I won’t introduce the basics of Spring Boot. It is recommended to watch this practical project:

https://github.com/javastacks/spring-boot-best-practice

spring:
  batch:
    job:
#设置为 false -需要jobLaucher.run执行
      enabled: false
    initialize-schema: always
#    table-prefix: my-batch

  datasource:
    druid:
      username: root
      password: root
      url: jdbc:mysql://localhost:3306/hellodemo?useSSL=false&useUnicode=true&characterEncoding=UTF-8&serverTimezone=GMT%2B8&zeroDateTimeBehavior=convertToNull
      driver-class-name: com.mysql.cj.jdbc.Driver
      initialSize: 5
      minIdle: 5
      maxActive: 20
      maxWait: 60000
      timeBetweenEvictionRunsMillis: 60000
      minEvictableIdleTimeMillis: 300000
      validationQuery: SELECT 1 FROM DUAL
      testWhileIdle: true
      testOnBorrow: false
      testOnReturn: false
      poolPreparedStatements: true
      maxPoolPreparedStatementPerConnectionSize: 20
      useGlobalDataSourceStat: true
      connectionProperties: druid.stat.mergeSql=true;druid.stat.slowSqlMillis=5000
server:
  port: 8665
ae76e1ee7d346a39c3b4213f2477aa66.png

ps: Here we use the druid database connection pool, but there is actually a small pit, which will be discussed later in the article.

Because after the final data processing of our instance this time, it is written to the database storage (of course, you can also output to a file, etc.).

So we also built a table earlier, and we also integrated mybatis in the pom file, so before we integrate the main code of spring batch, let's briefly go through these general information about the database.

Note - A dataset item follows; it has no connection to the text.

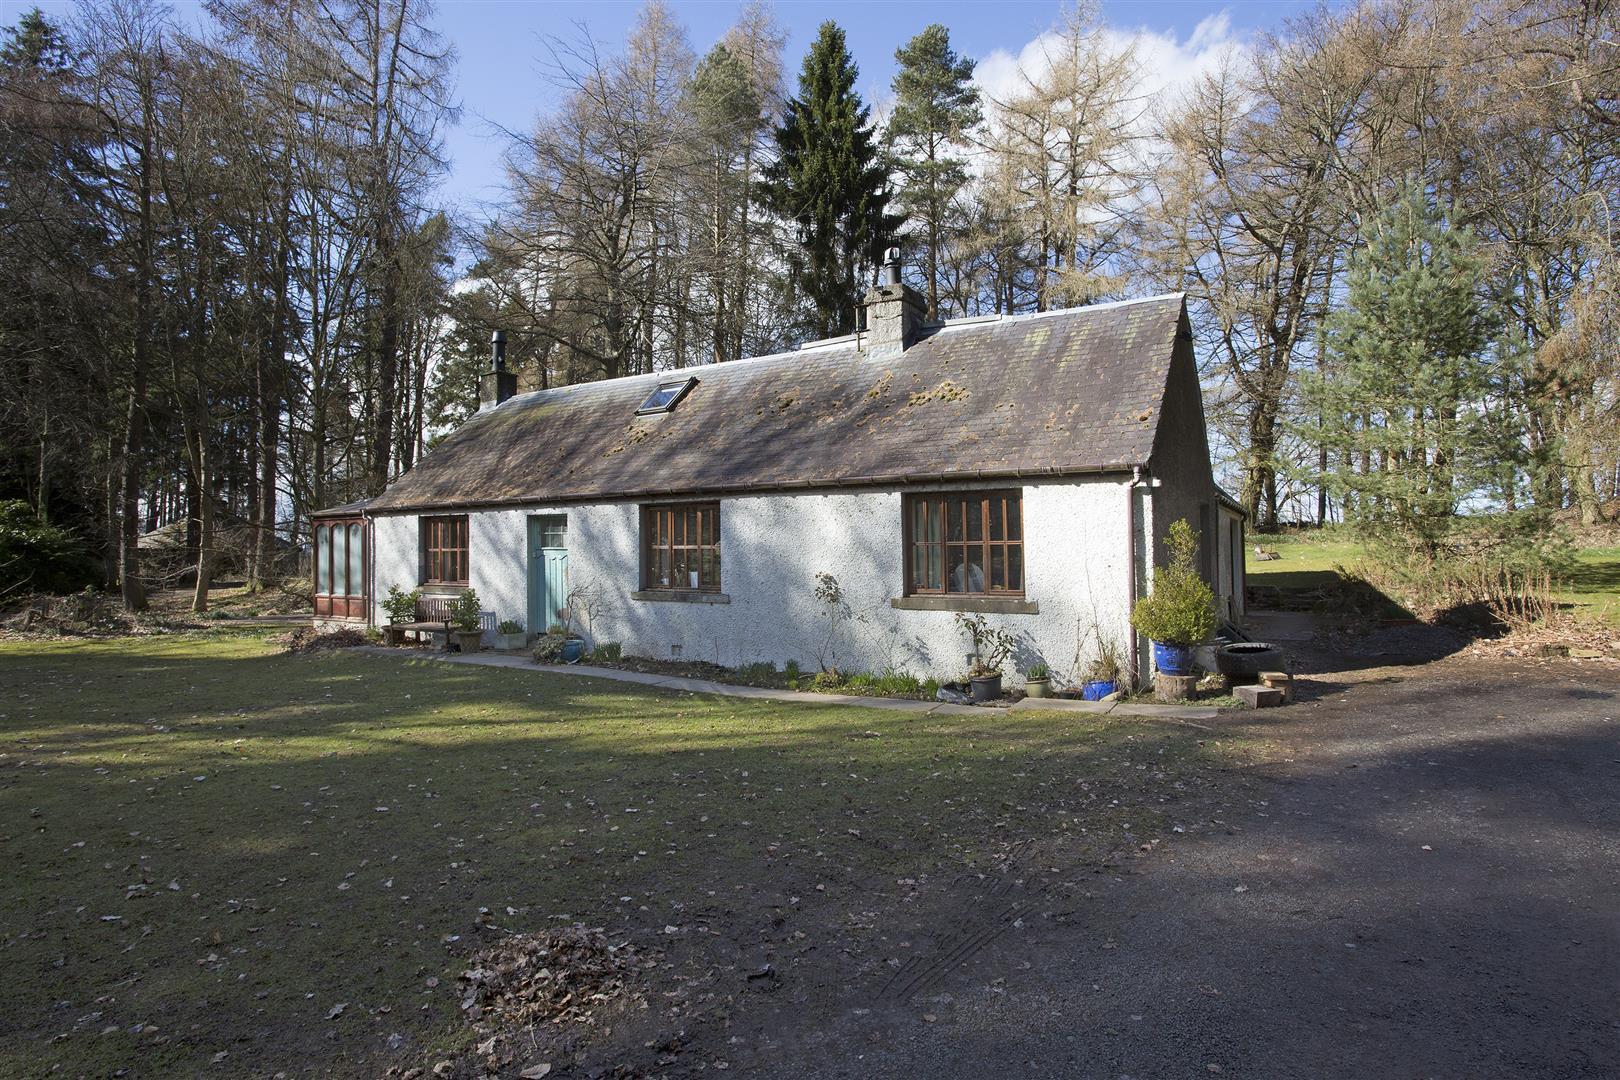 The Hobbit, Kinnochtry Wood, Burrelton, Perthshire, PH13 9PL, UK

Recommended learning: Spring Boot's latest learning roadmap is here, with 16 modules, novices can learn it!

pojo layers

BlogInfo.java :

/**
 * @Author : JCccc
 * @Description :
 **/
public class BlogInfo {

    private Integer id;
    private String blogAuthor;
    private String blogUrl;
    private String blogTitle;
    private String blogItem;

    @Override
    public String toString() {
        return "BlogInfo{" +
                "id=" + id +
                ", blogAuthor='" + blogAuthor + '\'' +
                ", blogUrl='" + blogUrl + '\'' +
                ", blogTitle='" + blogTitle + '\'' +
                ", blogItem='" + blogItem + '\'' +
                '}';
    }

    public Integer getId() {
        return id;
    }

    public void setId(Integer id) {
        this.id = id;
    }

    public String getBlogAuthor() {
        return blogAuthor;
    }

    public void setBlogAuthor(String blogAuthor) {
        this.blogAuthor = blogAuthor;
    }

    public String getBlogUrl() {
        return blogUrl;
    }

    public void setBlogUrl(String blogUrl) {
        this.blogUrl = blogUrl;
    }

    public String getBlogTitle() {
        return blogTitle;
    }

    public void setBlogTitle(String blogTitle) {
        this.blogTitle = blogTitle;
    }

    public String getBlogItem() {
        return blogItem;
    }

    public void setBlogItem(String blogItem) {
        this.blogItem = blogItem;
    }
}
mapper layer

BlogMapper.java :

ps: You can see that I used annotations in this example, haha, to save trouble, and I didn’t write the servcie layer and impl layer, also to save trouble, because the focus of this article is not on these, so don’t learn from these bad ones .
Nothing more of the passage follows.